In particular, normative requirements describing the behavior, guarantees, or obligations of an object are defined exclusively in the docstring of that object itself, in accordance with the principles of Locality of Information (LoII) and Single Source of Truth (SSoT).

Sections such as Public_classes, Public_functions, and Public_methods declare which objects belong to the documented public API surface. Sections such as Class_overview, Function_overview, and Method_overview may provide informative summaries for those objects. Neither kind of section is intended to redefine or qualify the behavior of the objects they mention.

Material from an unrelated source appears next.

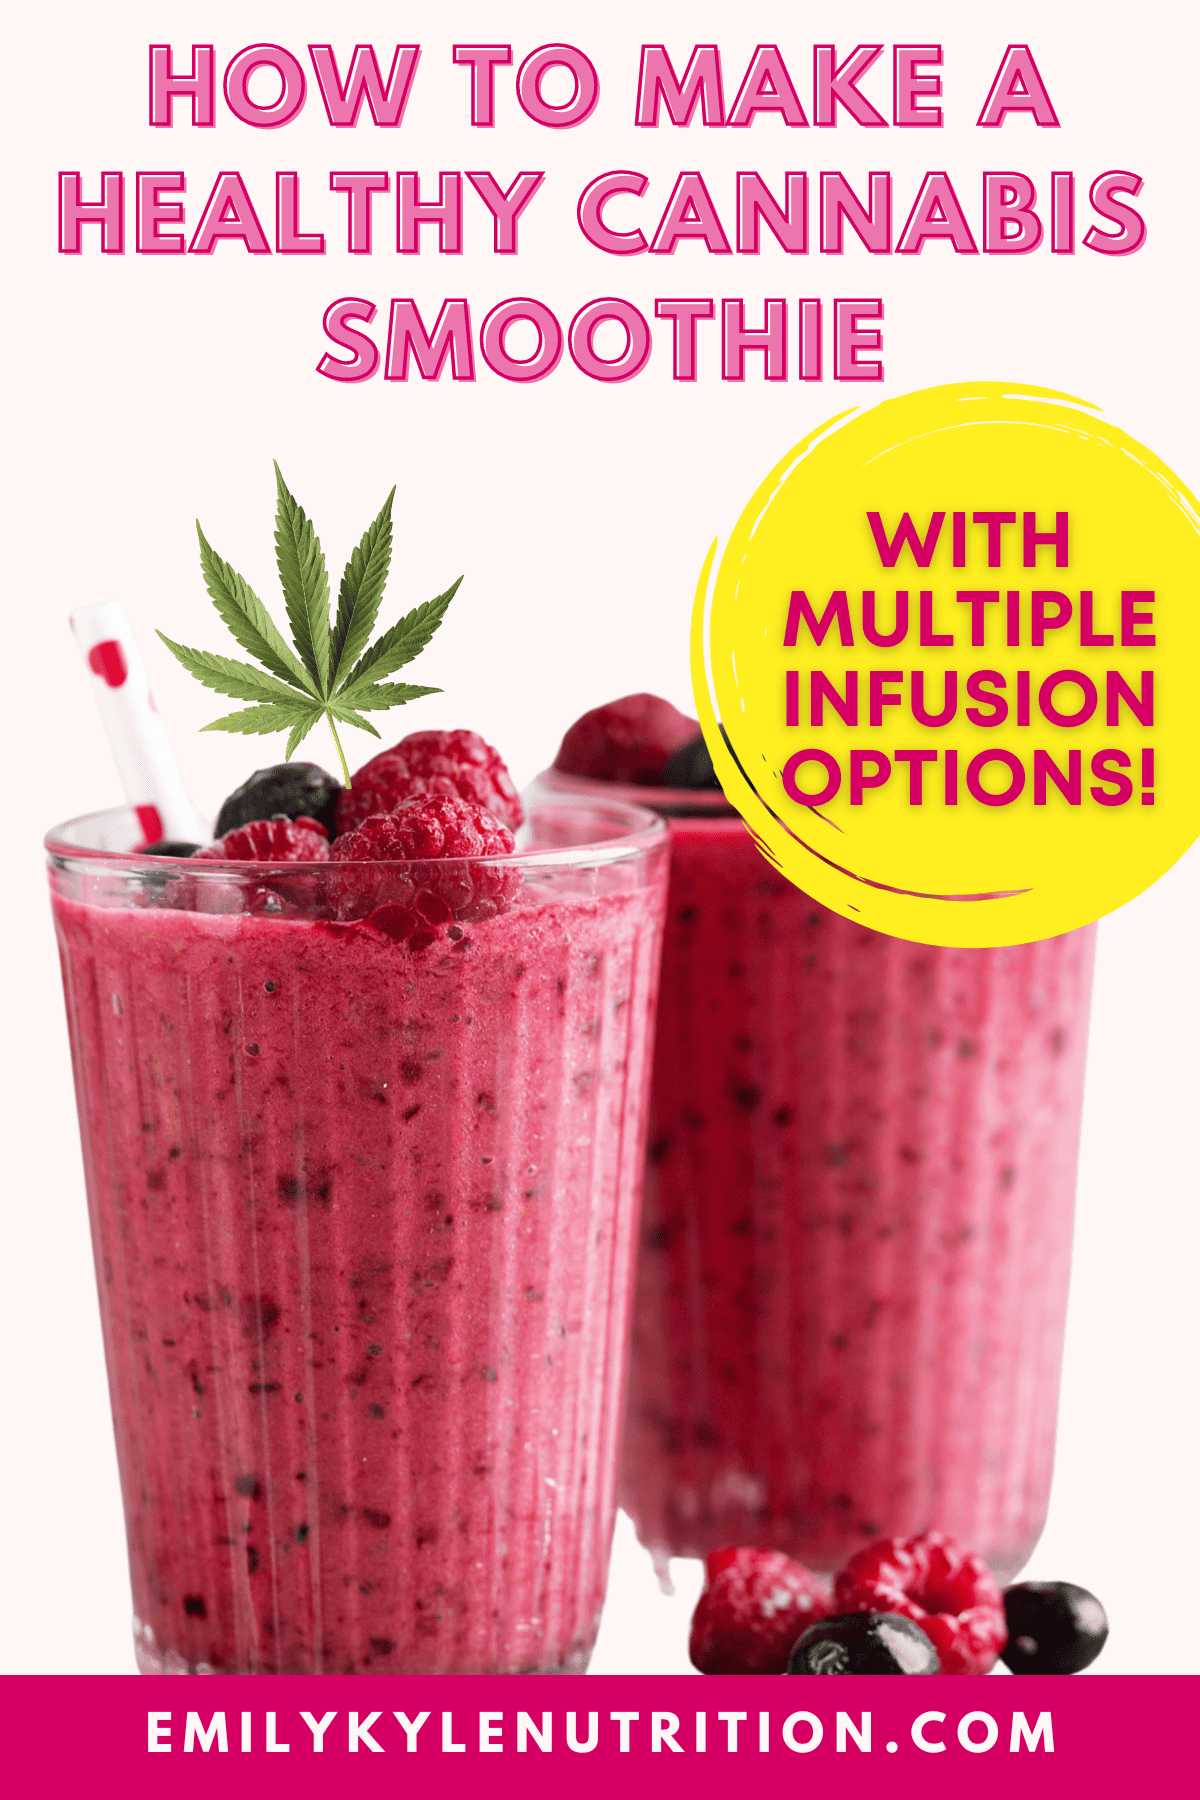 A picture of a cannabis smoothie with text that says how to make a healthy cannabis smoothie.

Allowing normativity keywords in API listing sections or overview sections would introduce multiple independent locations for normative statements about the same object. This would make it impossible to ensure consistency and would undermine automated validation, tooling, and long-term maintainability.

Therefore, once an object is equipped with its own valid docstring, all normative statements concerning that object are required to appear there and nowhere else. API listing sections may declare membership in the public API surface, and overview sections may provide descriptive or summarizing text, but neither may introduce additional normative requirements.

This design ensures that tools, validators, and human readers can rely on a single authoritative specification for each documented object, and that normative changes are localized, explicit, and unambiguous.

5.17. Distinction Description vs Notes

This section is informative.

The Description and Notes sections overlap thematically. We would like to suggest the following semantics: Description describes the object to be documented for normal use, whereas Notes are intended more for edge cases, caveats, race conditions, restrictions, and todos. We have deliberately implemented Notes as non-normative in order to prevent runaway growth of self-defined normative sections. Notes of a normative nature should be added to the Contract section instead.

5.18. Distinction general vs invariants

This section is informative.

The Contract.general and Contract.invariants subsections overlap thematically. We would like to suggest the following semantics: Contract.general describes the object to be documented for normal use, focusing on its purpose and applicability, whereas Contract.invariants is intended for non-trivial properties that are expected to hold for all valid inputs and states.

Invariants are typically statements about closure properties, idempotence, determinism, round-trip behaviour, and other guarantees that are especially useful for targeted automated tests. Invariants of a normative nature should be placed in Contract.invariants rather than being scattered throughout free-form prose.

Invariants may be more technical in nature and may refer to internal representations such as an AST or a DocstringTree.

5.19. Distinction ensures vs invariants

This section is informative.

The subsections ensures and invariants overlap thematically, but serve different purposes. ensures describes postconditions that hold after a successful call of the documented function. invariants describes properties that remain true across repeated calls and are typically suited for automated testing, such as idempotence, non-mutation of inputs, or round-trip properties.